Appleton and Nikola Tesla would have been proud. Their concept—Da Vinci’s concept—had been perfected in fewer than one hundred years.

She sat back in her chair and watched the screens. Suddenly, a spear of sun caught the golden edge of the cherubim’s wing, making it shimmer. She reached out a finger and traced the long line of the wing’s edge. What she and Ajax had believed were grooves carved in the gold to create the illusion of feathers, were now more visible in the bright light. Not grooves—there were glyphs carved into the gold.

She pulled a magnifying sheet out of her drawer and looked more closely. The markings weren’t unfamiliar to her, but she couldn’t read them. Had they been made in the beginning, when the Ark was built, or were they a more recent addition?

She looked up to see Ajax come into her office.

“What are you doing?”

She gestured toward the phone. “I need you. Come here and look. There are some markings on the edge of the wing, runes or glyphs, I can’t tell which. Nor can I tell when they were made.”

She handed him the magnifying sheet, and he bent low over the wing fragment. He looked up, his eyes shining as bright as the cherubim’s wing.

“They look like Cuneiform, and that predates Moses by a few thousand years.”

“Shouldn’t markings from his era be in Hebrew?”

“That would be the most logical language, yes. Give me a sheet of paper and a pencil. Let me see if I can decipher this.”

She did, and he bent his head over the gold, scribbling on the paper. “It will take me some time to translate. But a few I can pick out—Oh, I’m wrong. It’s Phoenician. Makes more sense, and makes things easier. See, here’s the glyph for door, and here’s . . .” He stopped.

“What? What is it?”

“Weapon.”

Cassandra stared.

He scribbled for a few more minutes, then met his twin’s eyes. “It’s a warning. It reads: Through this door lies a weapon of great power. Open it, and it will indeed kill.”

“What does that mean?”

“Something to do with the power of the Ark, surely a warning to those who aren’t Levites or Kohaths, so it doesn’t apply to us. Still, it doesn’t get us any closer to finding the Ark itself. Unless”—he paused, studied the cherubim’s wing—“unless the wing will somehow guide us to the rest of the Ark.”

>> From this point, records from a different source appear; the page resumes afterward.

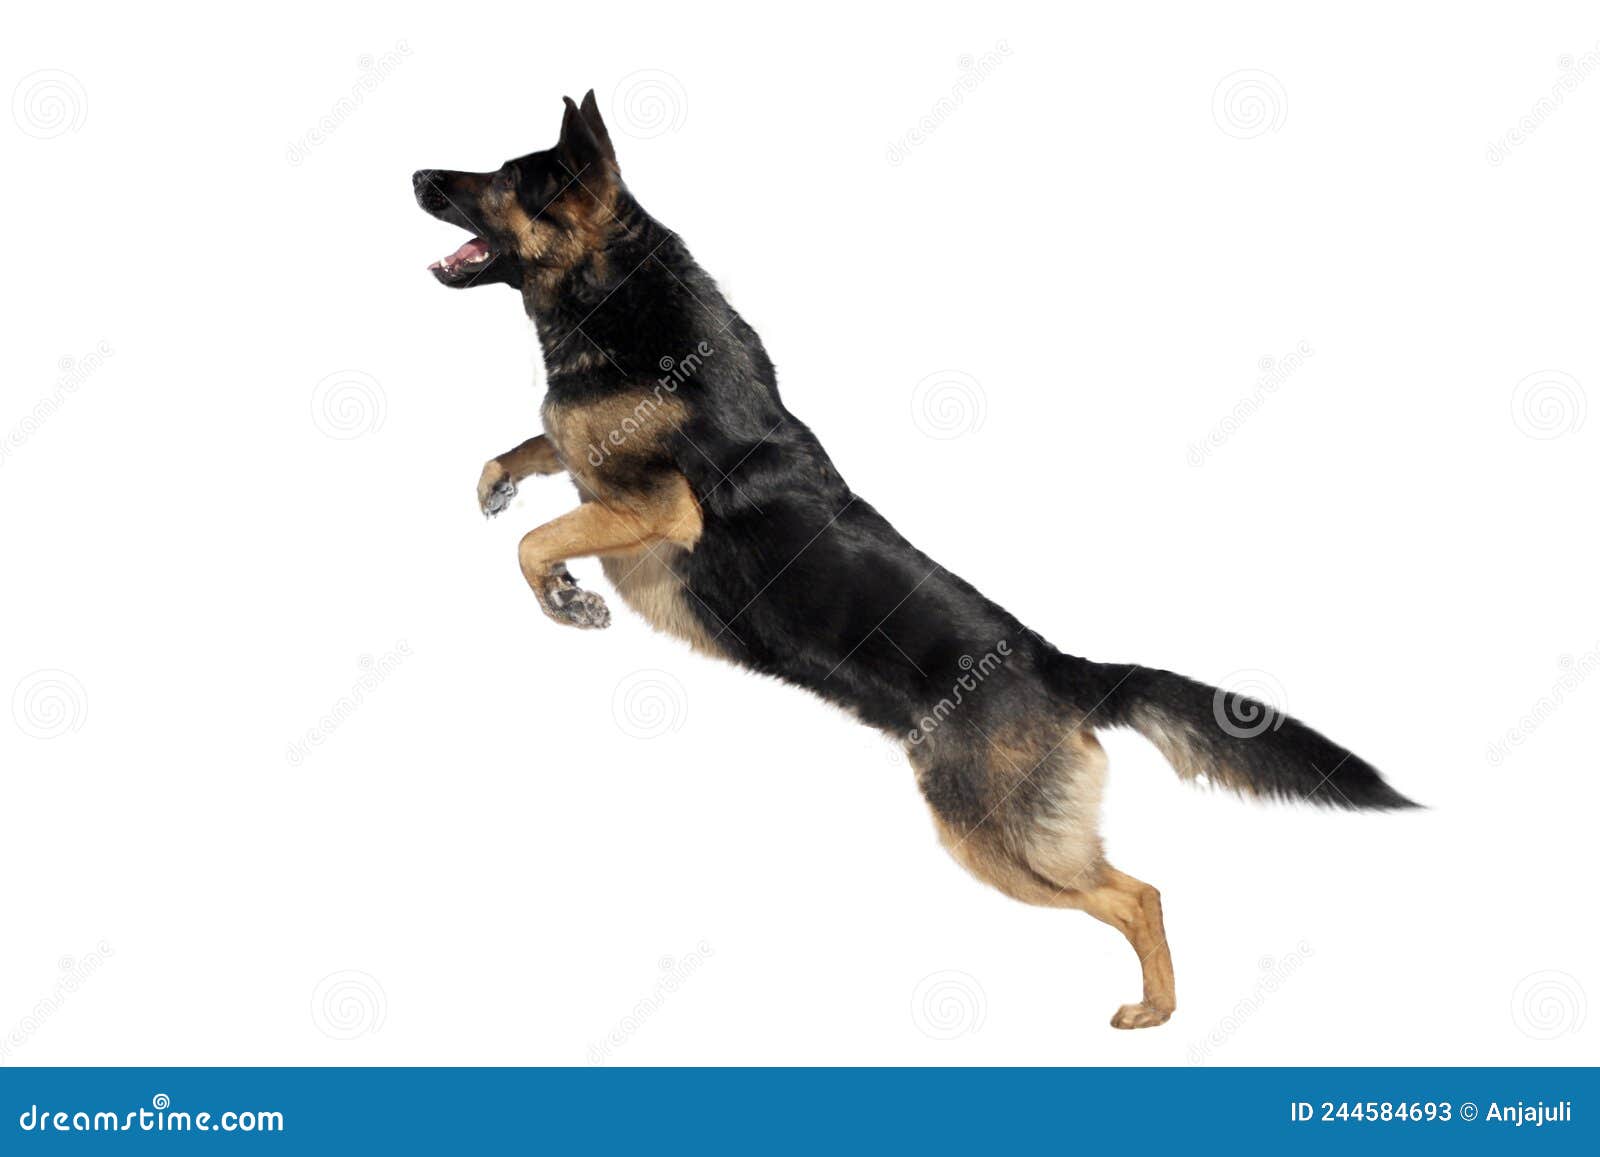 German Shepherd Dog Jumping. Dog Play and Jump To Catch a Toy with ...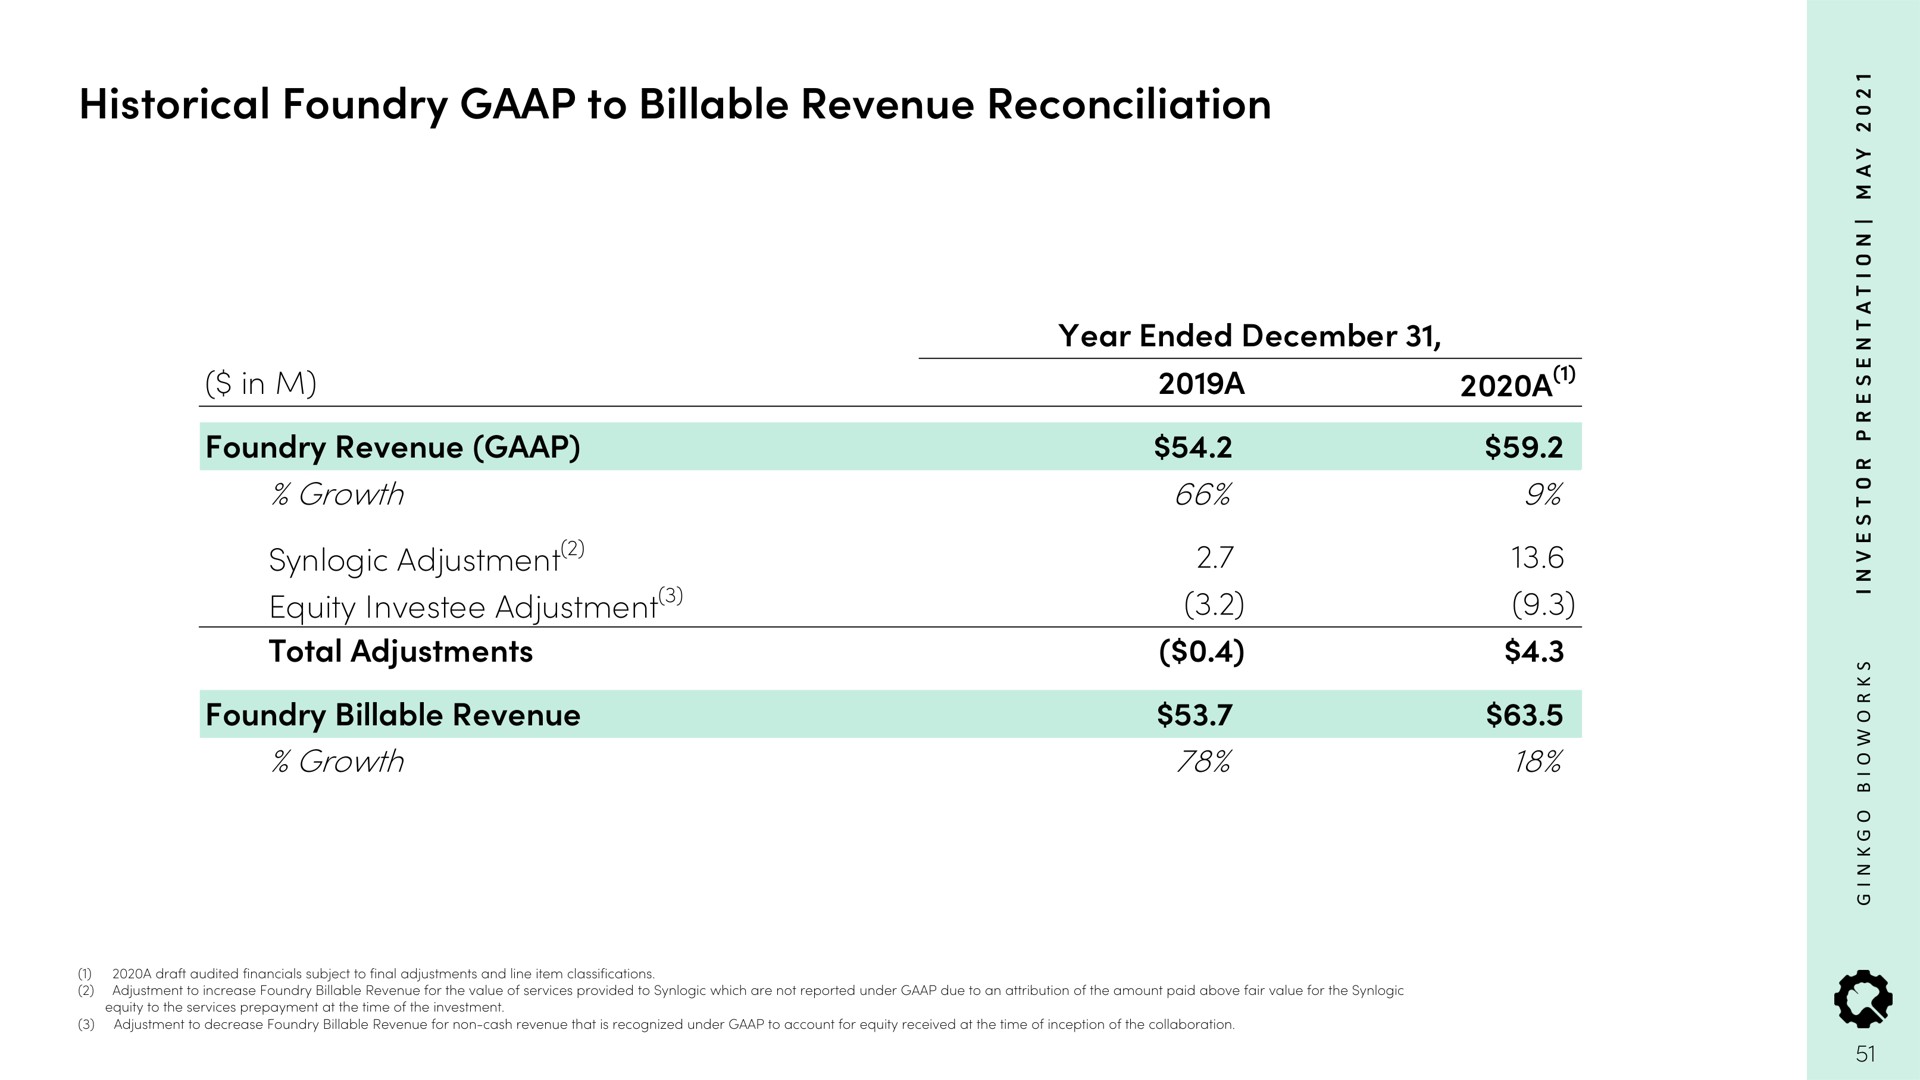 historical foundry to billable revenue reconciliation | Ginkgo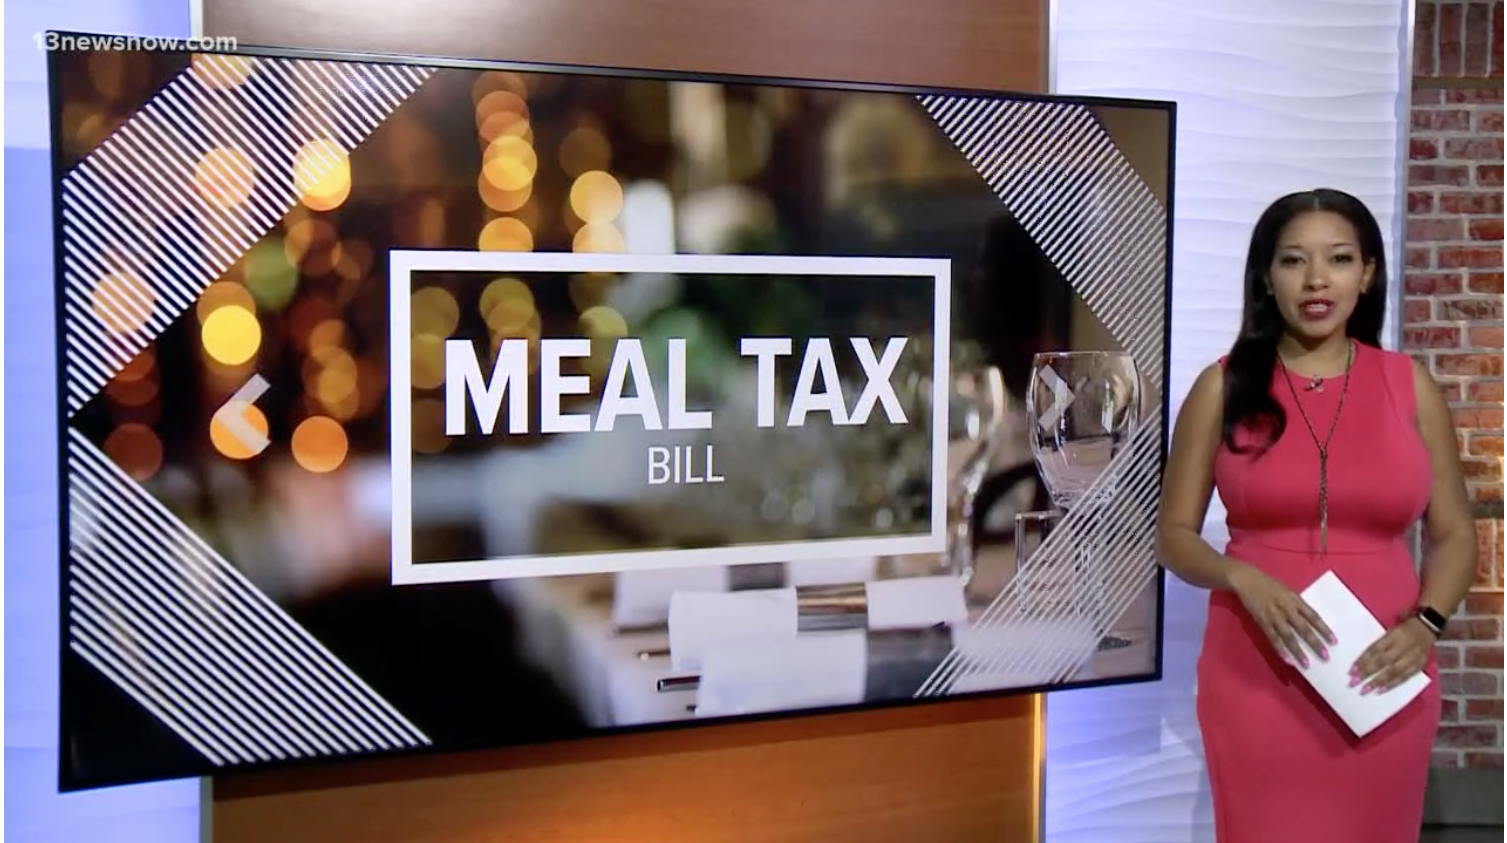 Proposed meal tax bill could 'destroy' jobs, small businesses Rubin

“As in divine magic of some sort? As in it gave you warmth and I heard its buzzing? You really think it could search out the rest of the cherubim itself?”

He shrugged. “Who knows? I came to tell you I’ve instructed the crew to start a fresh dig in the southeast quadrant. It’s one of the few spots we haven’t searched extensively.”

“Good idea. But first things first. We must alert Grandfather.” She picked up the encrypted satellite phone and started the detailed process of calling the Genesis Group’s true headquarters in the Caribbean. Before she could finish dialing, there was a knock at her office door.